Description of the task => Return the run of lines below that opens with the line containing "Braylon Edwards last" and closes with the line containing "Picture of the", keeping each one exact.

Data provided =>
---+---
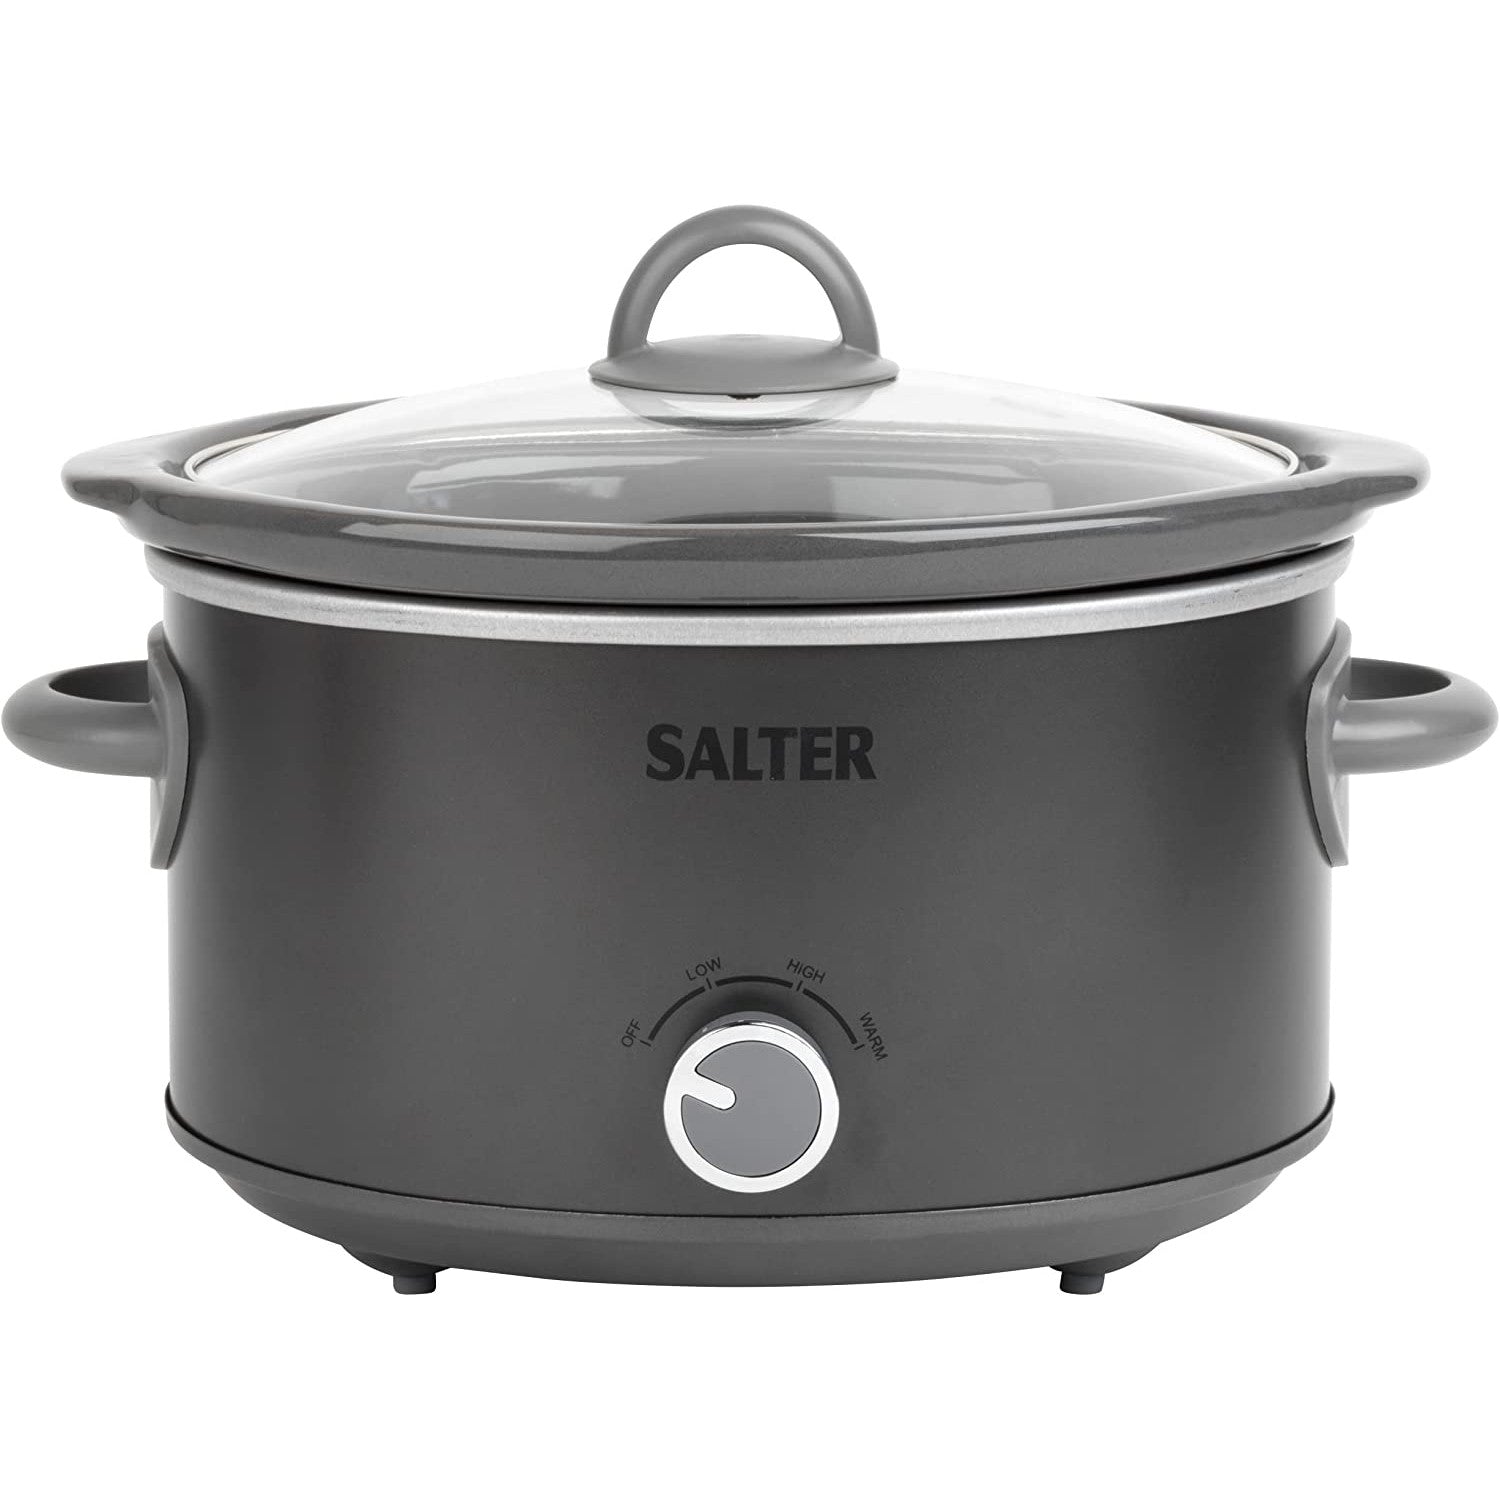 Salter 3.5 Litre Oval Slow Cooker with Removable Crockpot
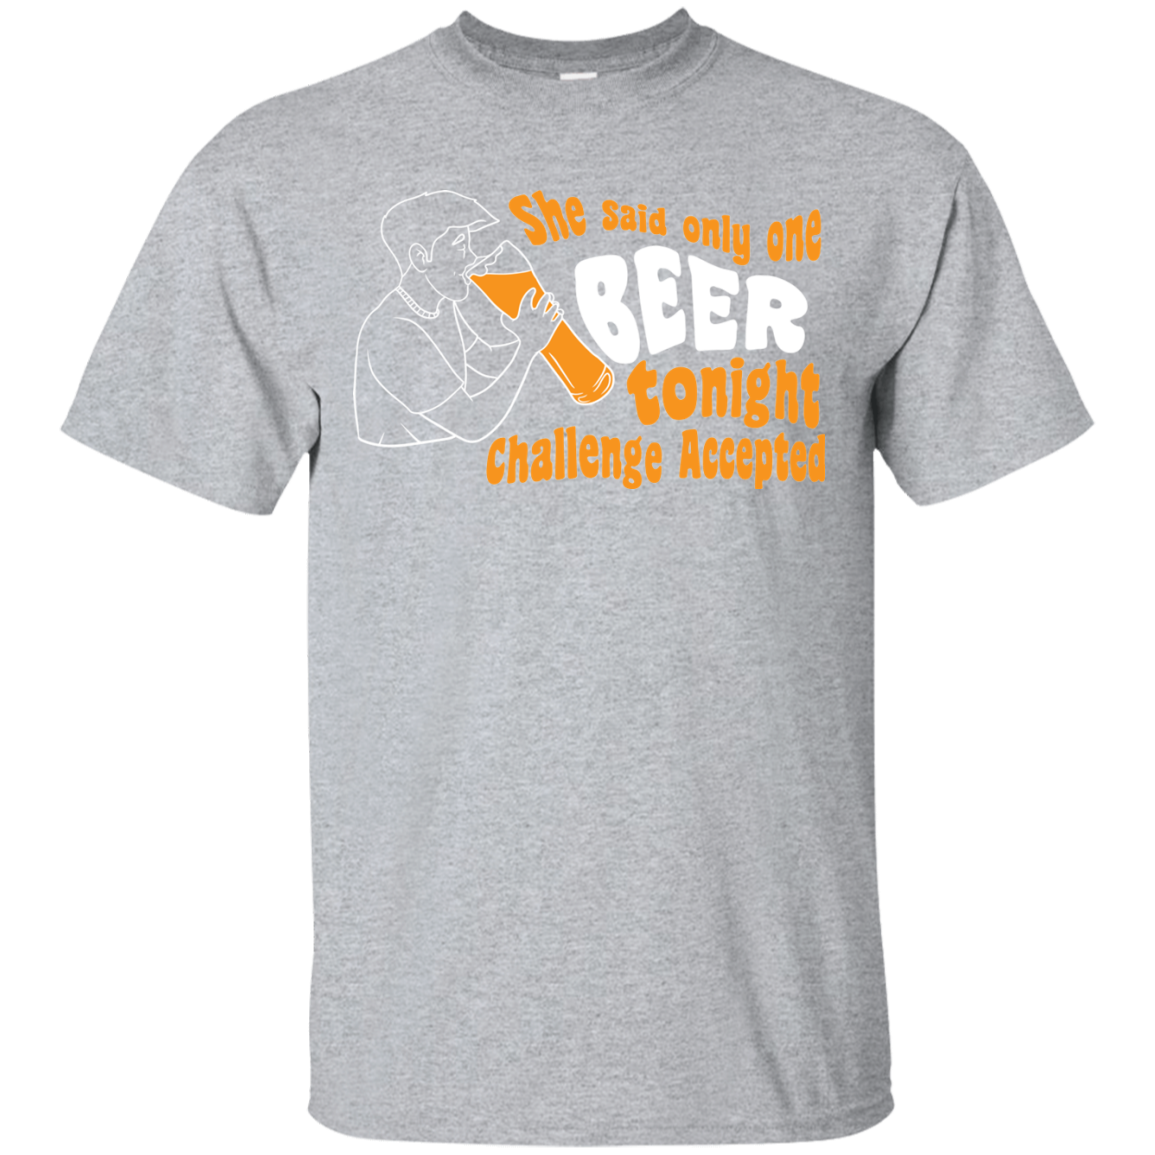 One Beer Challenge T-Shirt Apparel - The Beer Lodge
---+---
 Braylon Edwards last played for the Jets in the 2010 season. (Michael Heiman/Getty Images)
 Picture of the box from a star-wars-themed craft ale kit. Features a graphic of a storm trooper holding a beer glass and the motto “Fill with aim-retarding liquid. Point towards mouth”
---+---
Output =>
 Braylon Edwards last played for the Jets in the 2010 season. (Michael Heiman/Getty Images)
 Picture of the box from a star-wars-themed craft ale kit. Features a graphic of a storm trooper holding a beer glass and the motto “Fill with aim-retarding liquid. Point towards mouth”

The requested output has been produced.